Segment Start: Source material

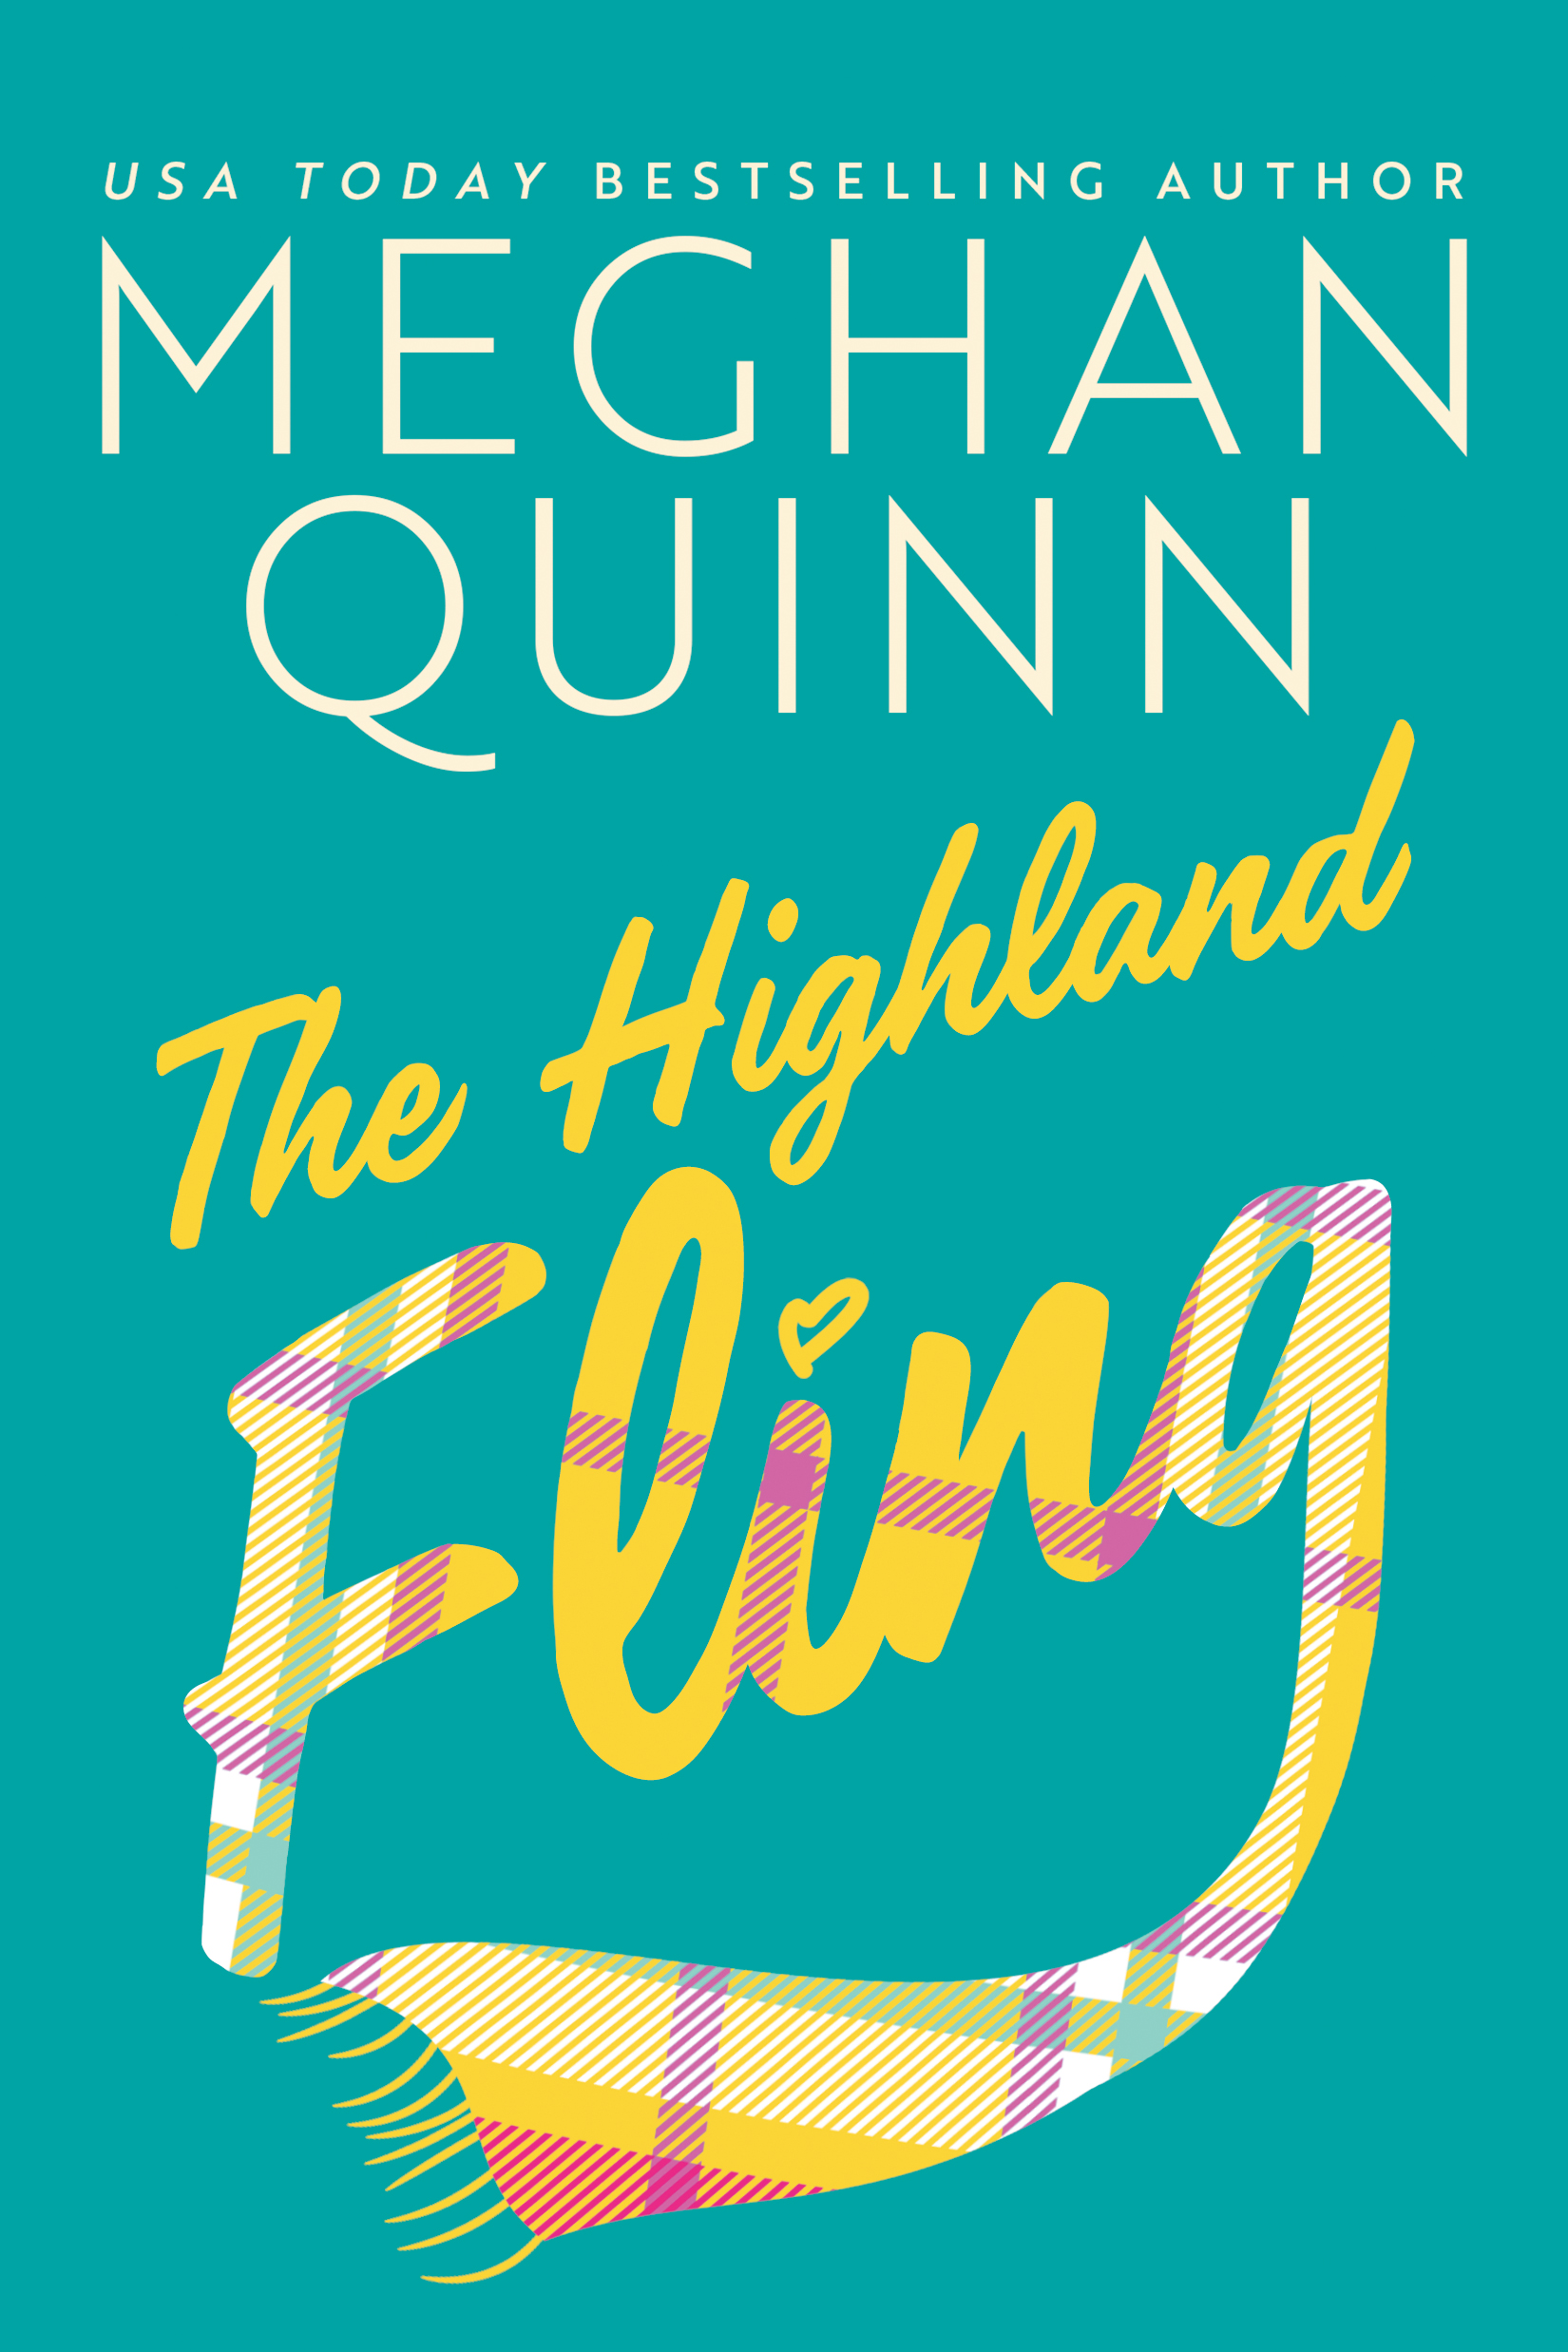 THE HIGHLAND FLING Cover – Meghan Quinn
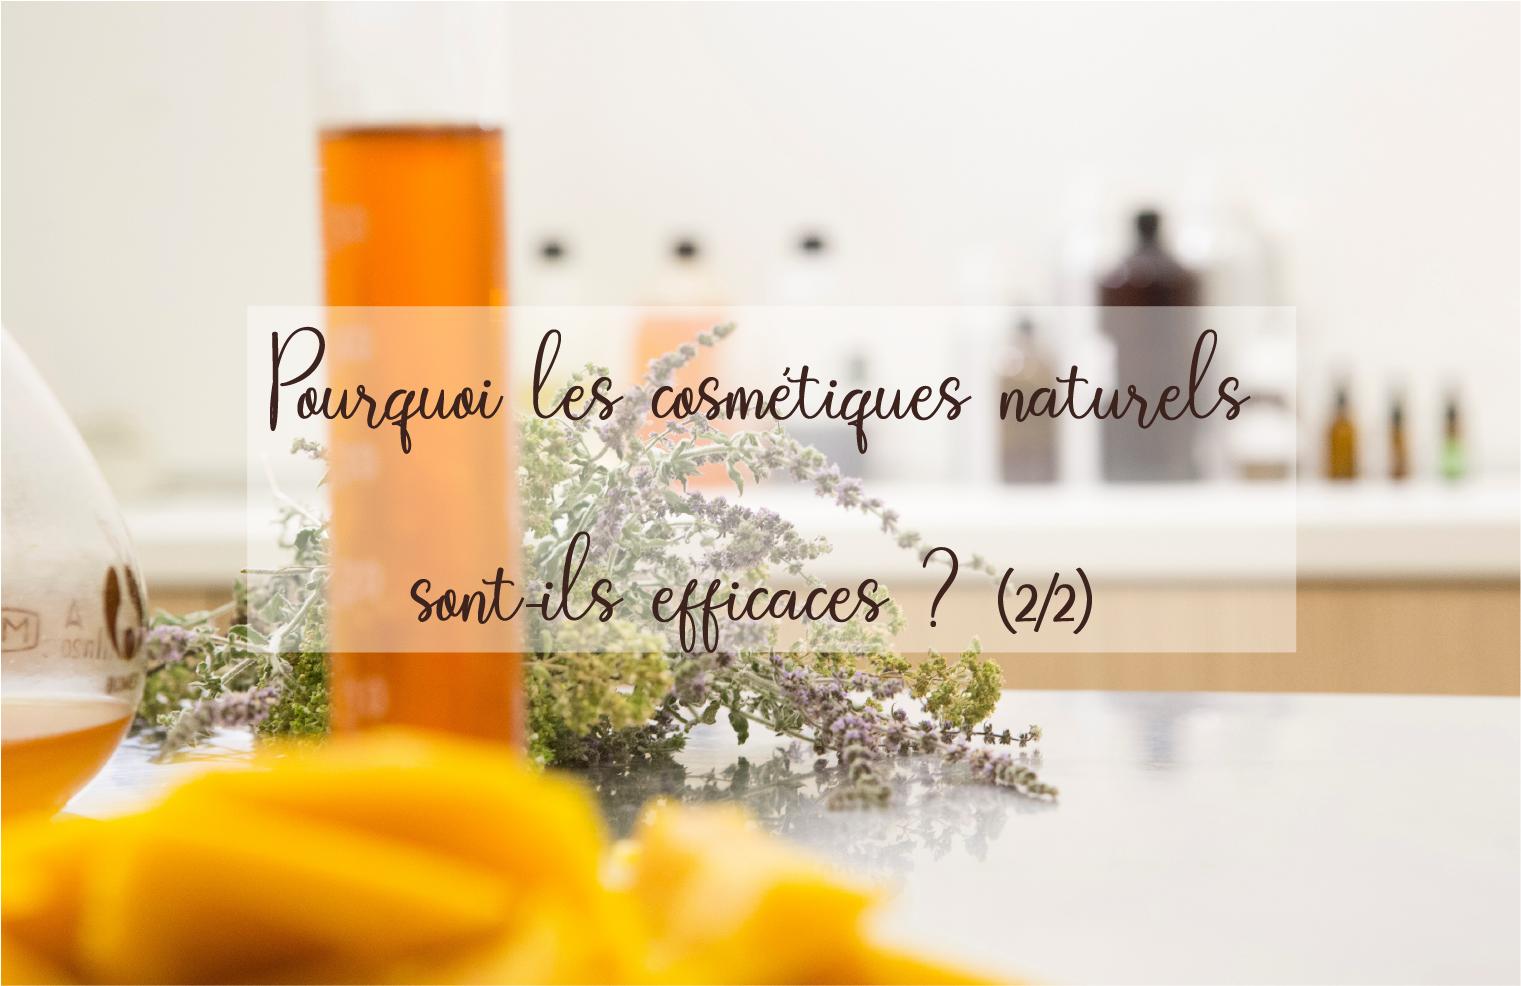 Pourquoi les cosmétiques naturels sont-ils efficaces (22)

Segment End: Source material
Segment Start: Source material

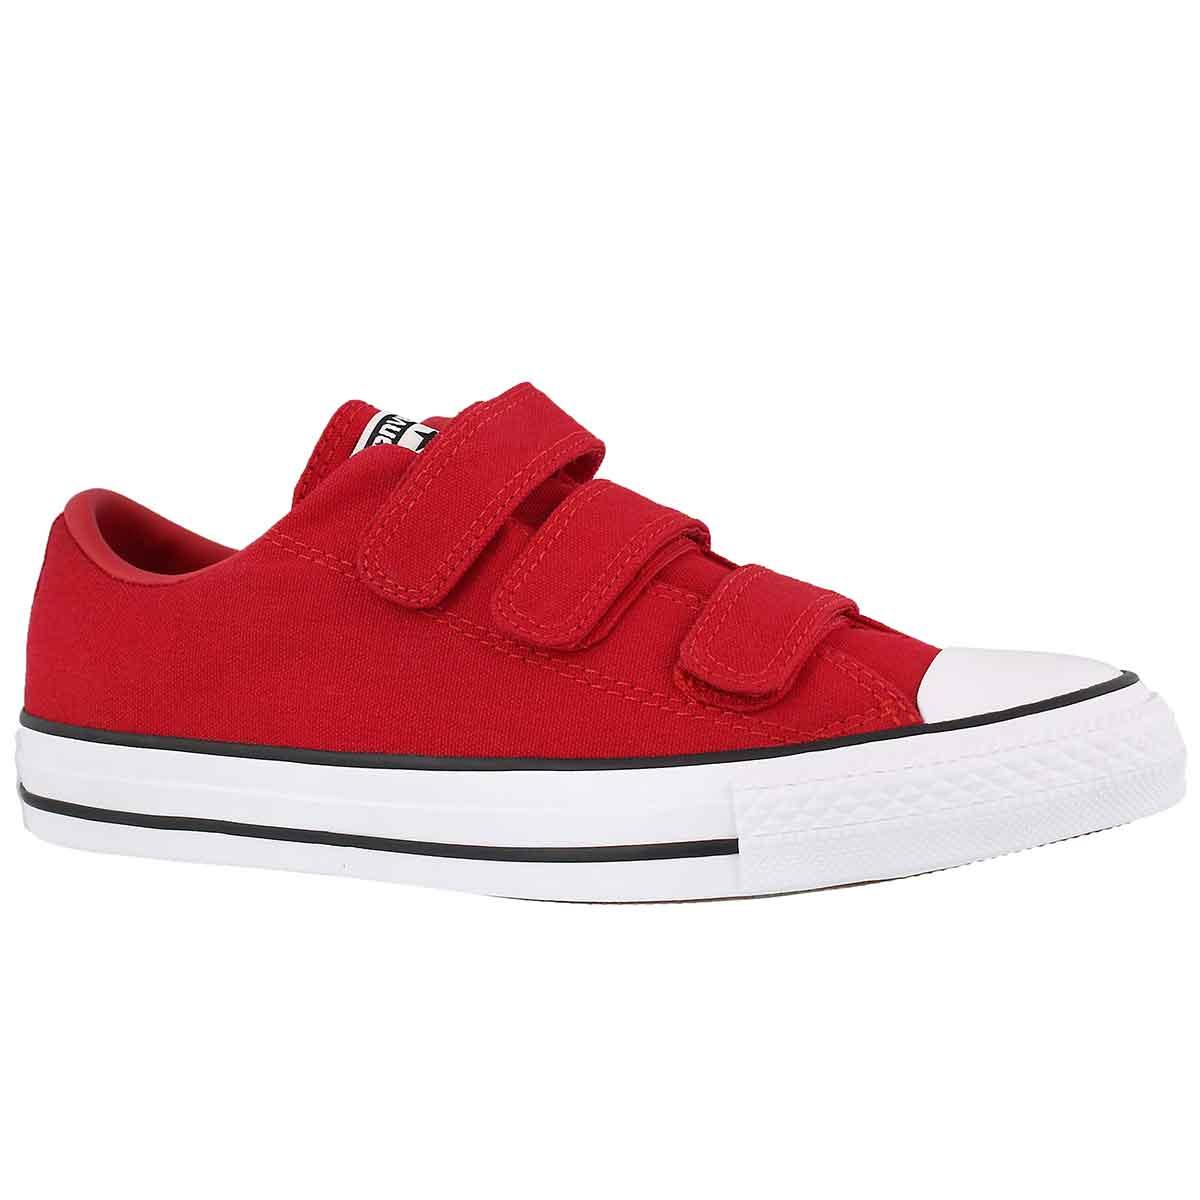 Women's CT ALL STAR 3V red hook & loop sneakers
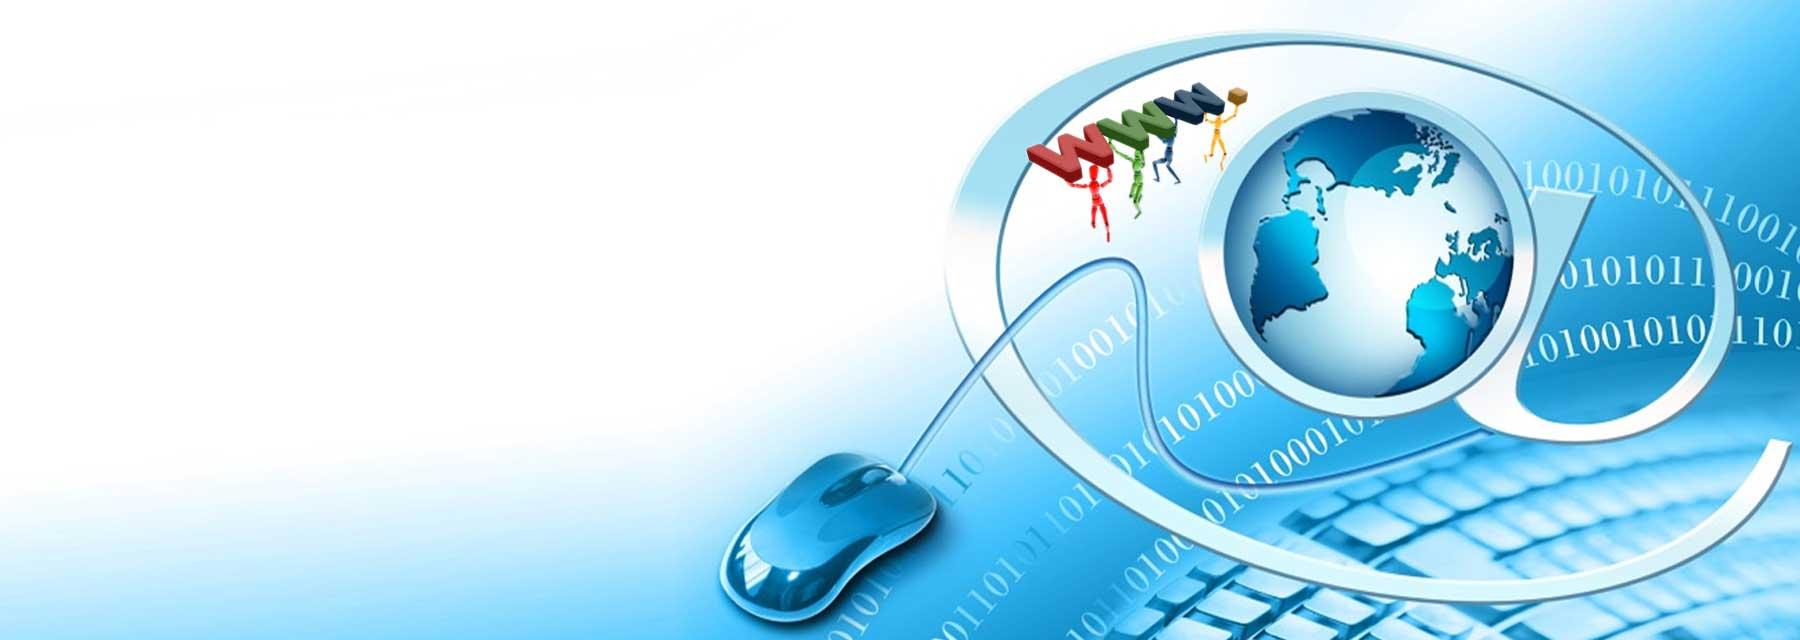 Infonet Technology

Segment End: Source material

**Task directions:** To complete this exercise, transcribe exactly the lines above from the one that holds "THE HIGHLAND FLING Cover – Meghan Quinn" through the one that holds "Pourquoi les cosmétiques". Pictures stay out.

**Solution for this task:**
 THE HIGHLAND FLING Cover – Meghan Quinn
 Pourquoi les cosmétiques naturels sont-ils efficaces (22)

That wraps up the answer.